#### TASK BRIEF
Return all of the data that follows precisely, leaving every image out.

#### RECORDED DATA
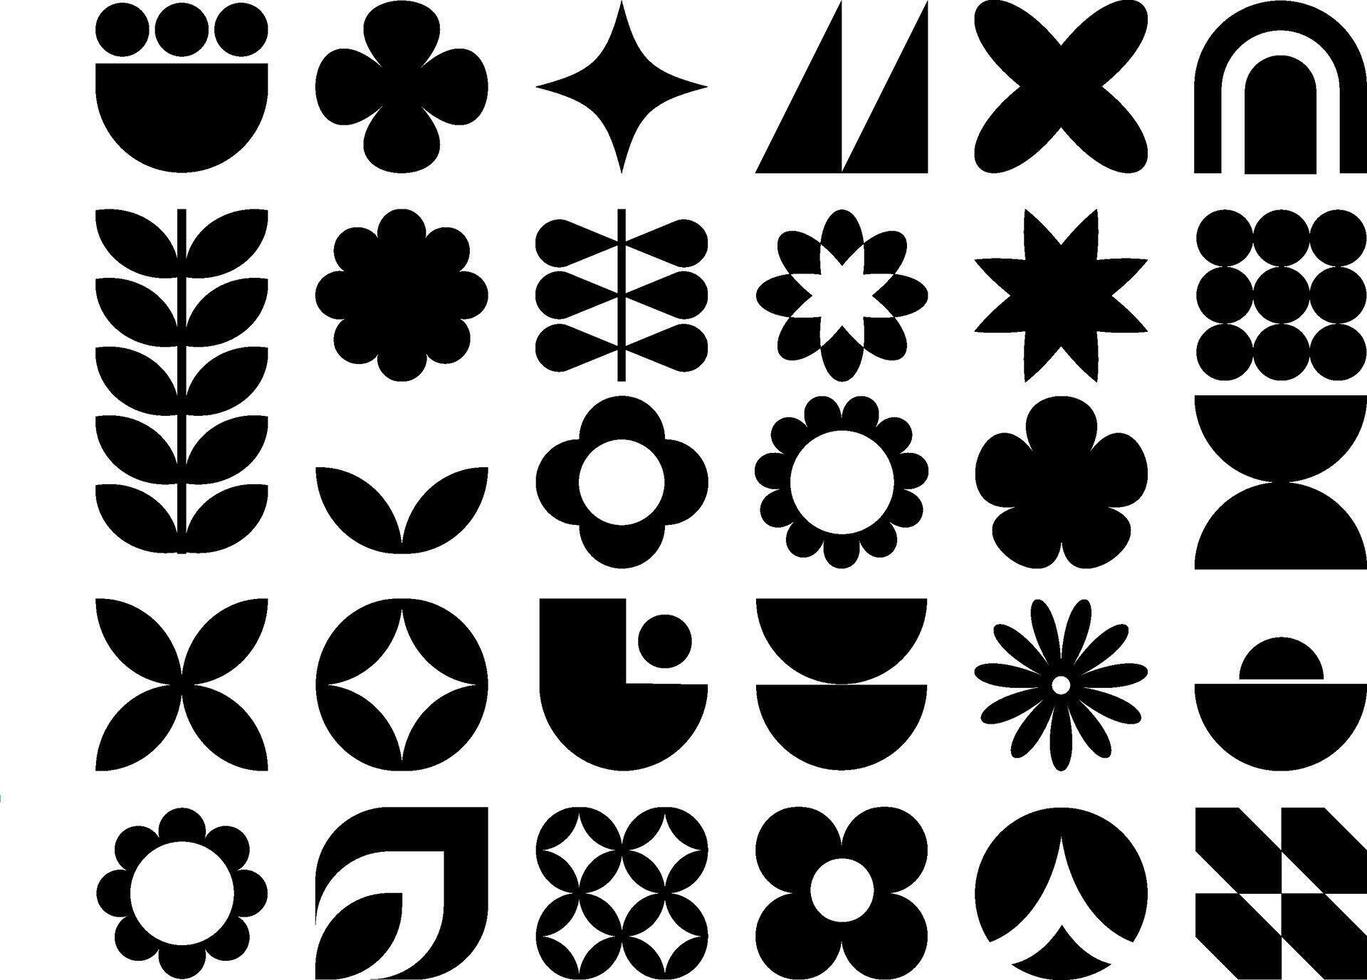 Vektor einstellen von schwarz Brutalist Bauhaus geometrisch Formen. modisch abstrakt minimalistisch Zahlen, Sterne, Blumen, Kreise. modern Design Elemente
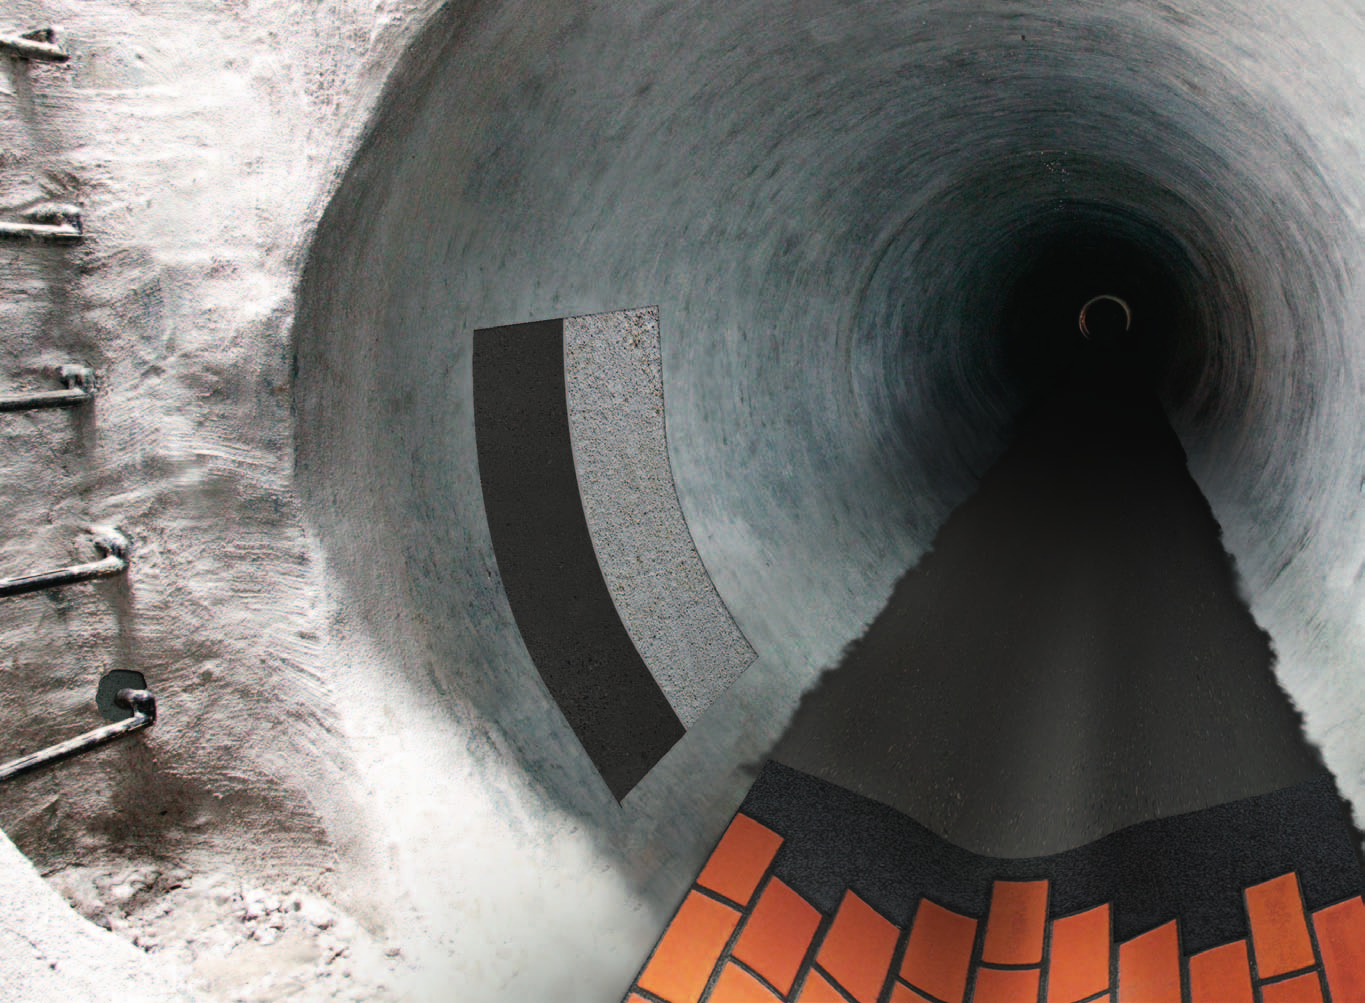 Systém pro sanaci kanalizace 4 cementová izolace Idrosilex Pronto hrubá sanace Mapegrout Rapido otryskaný beton
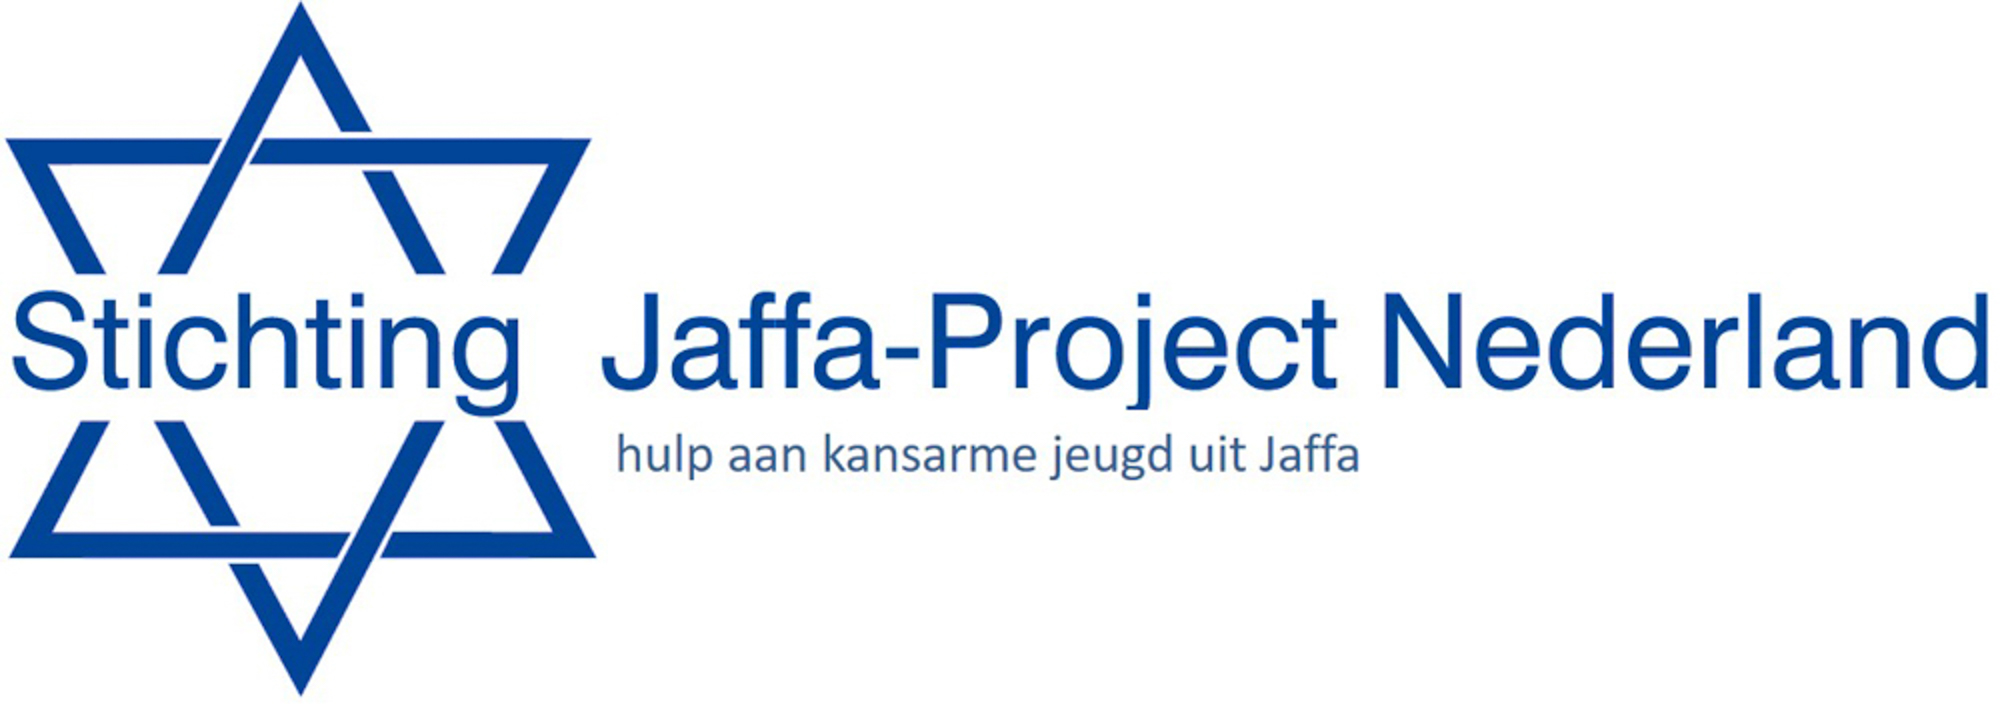 Stichting Jaffa-project Nederland

#### SOLUTION FOR THIS EXERCISE
 Vektor einstellen von schwarz Brutalist Bauhaus geometrisch Formen. modisch abstrakt minimalistisch Zahlen, Sterne, Blumen, Kreise. modern Design Elemente
 Systém pro sanaci kanalizace 4 cementová izolace Idrosilex Pronto hrubá sanace Mapegrout Rapido otryskaný beton
 Stichting Jaffa-project Nederland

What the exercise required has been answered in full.